Zusammenfassung und Beispiele

Stellen wir uns vor, ein Vater setzt in seinem Testament seine beiden Kinder, Anna und Ben, zu je 50 % als Erben ein. Ben ist mit einem Vermächtnis belastet: Er soll dem Nachbarn ein Auto aus dem Nachlass geben. Ben verstirbt vor dem Vater. Nun wächst Annas Erbteil auf 100 % an. Nach § 2095 BGB muss Anna das Vermächtnis (das Auto) nur aus dem ursprünglich auf Ben entfallenden Erbteil (also 50 % des Nachlasses) herausgeben. Ist dieser Teil erschöpft, muss sie nicht aus ihrem eigenen, ursprünglich zugeteilten Erbteil leisten.
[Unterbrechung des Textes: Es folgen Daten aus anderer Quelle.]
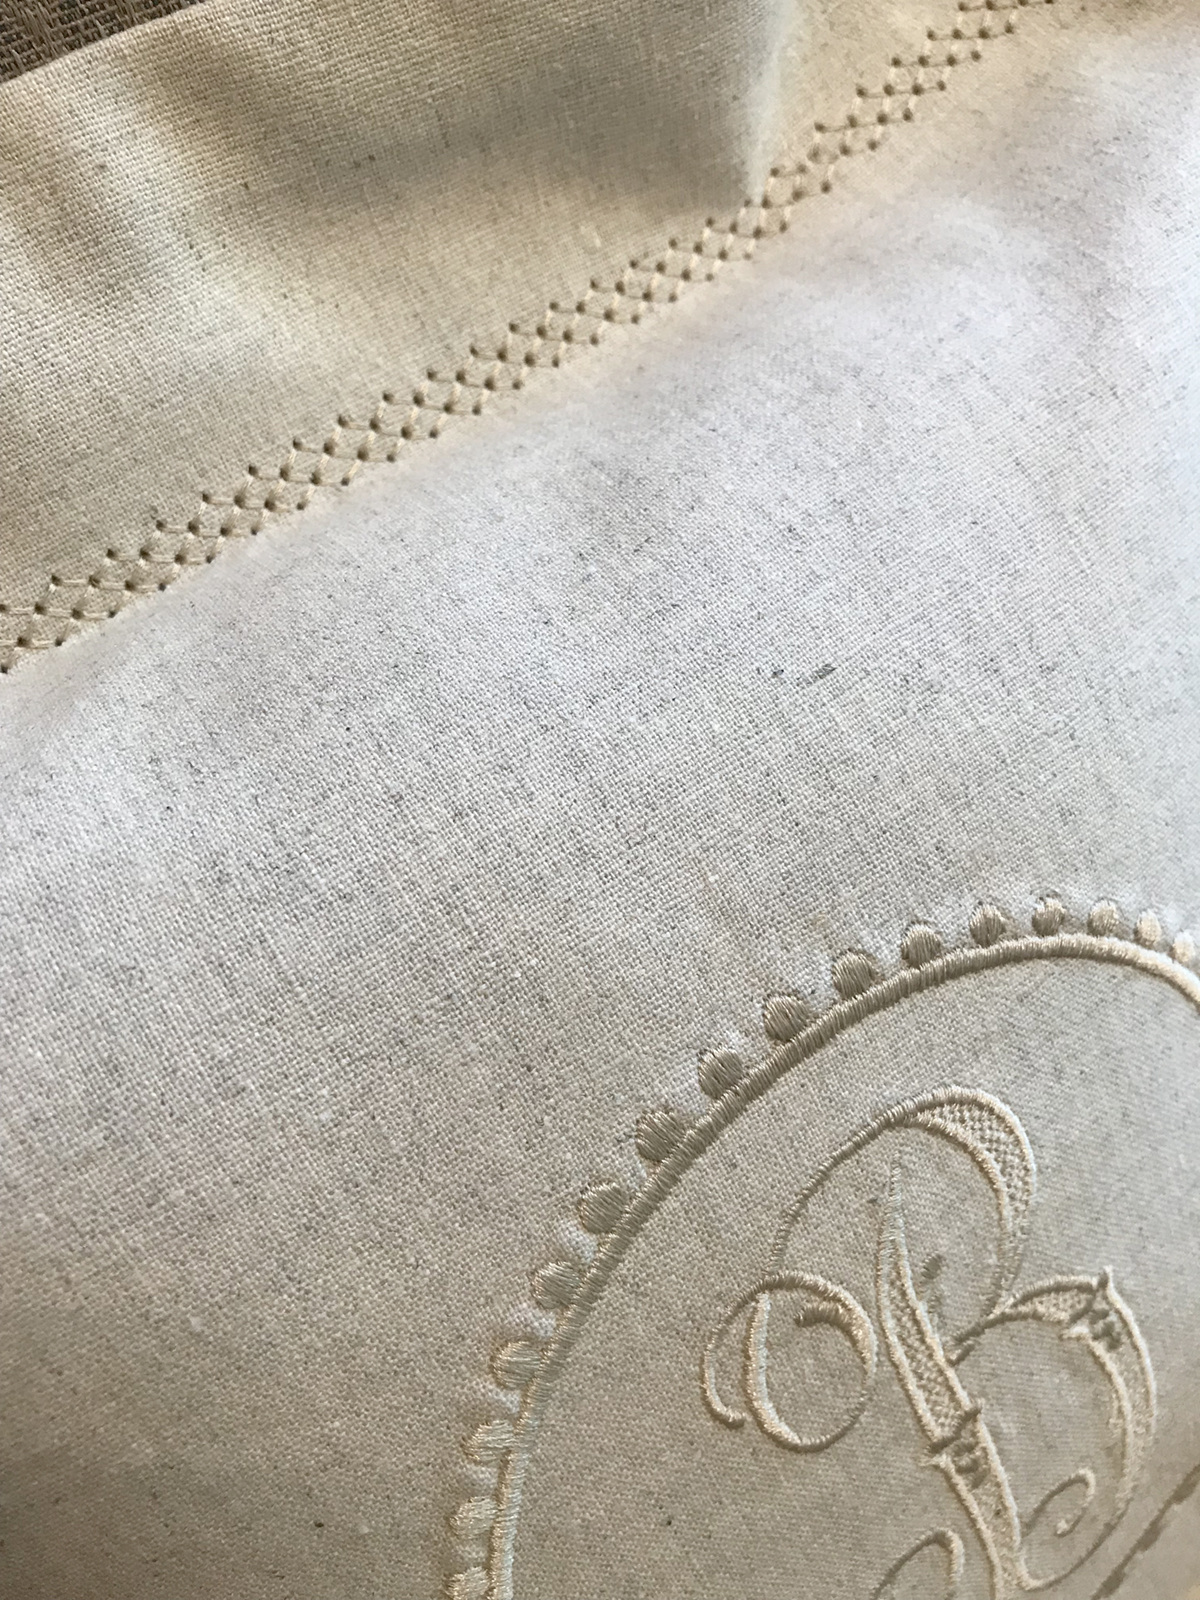 Embroidered Hemstitch Pillow - hemstitch up close

Hätte der Vater im Testament ausdrücklich bestimmt, dass das Vermächtnis aus dem gesamten Nachlass zu erfüllen ist, müsste Anna das Auto auch aus ihrem eigenen Erbteil herausgeben.

Fazit

§ 2095 BGB schützt Erben davor, durch die Anwachsung eines Erbteils schlechter gestellt zu werden, insbesondere wenn auf dem angewachsenen Teil Vermächtnisse oder Auflagen lasten. Er sorgt dafür, dass Verpflichtungen, die eigentlich nur einen bestimmten Erbteil betreffen, auch nur aus diesem Teil erfüllt werden müssen. Gleichzeitig verhindert die Vorschrift, dass Vermächtnisnehmer oder Begünstigte einer Auflage durch die Anwachsung besser gestellt werden, als es dem Willen des Erblassers entspricht. Die Regelung ist flexibel: Der Erblasser kann im Testament abweichende Anordnungen treffen. Das Gesetz sorgt so für einen gerechten Ausgleich zwischen den Interessen der Erben und der weiteren Begünstigten.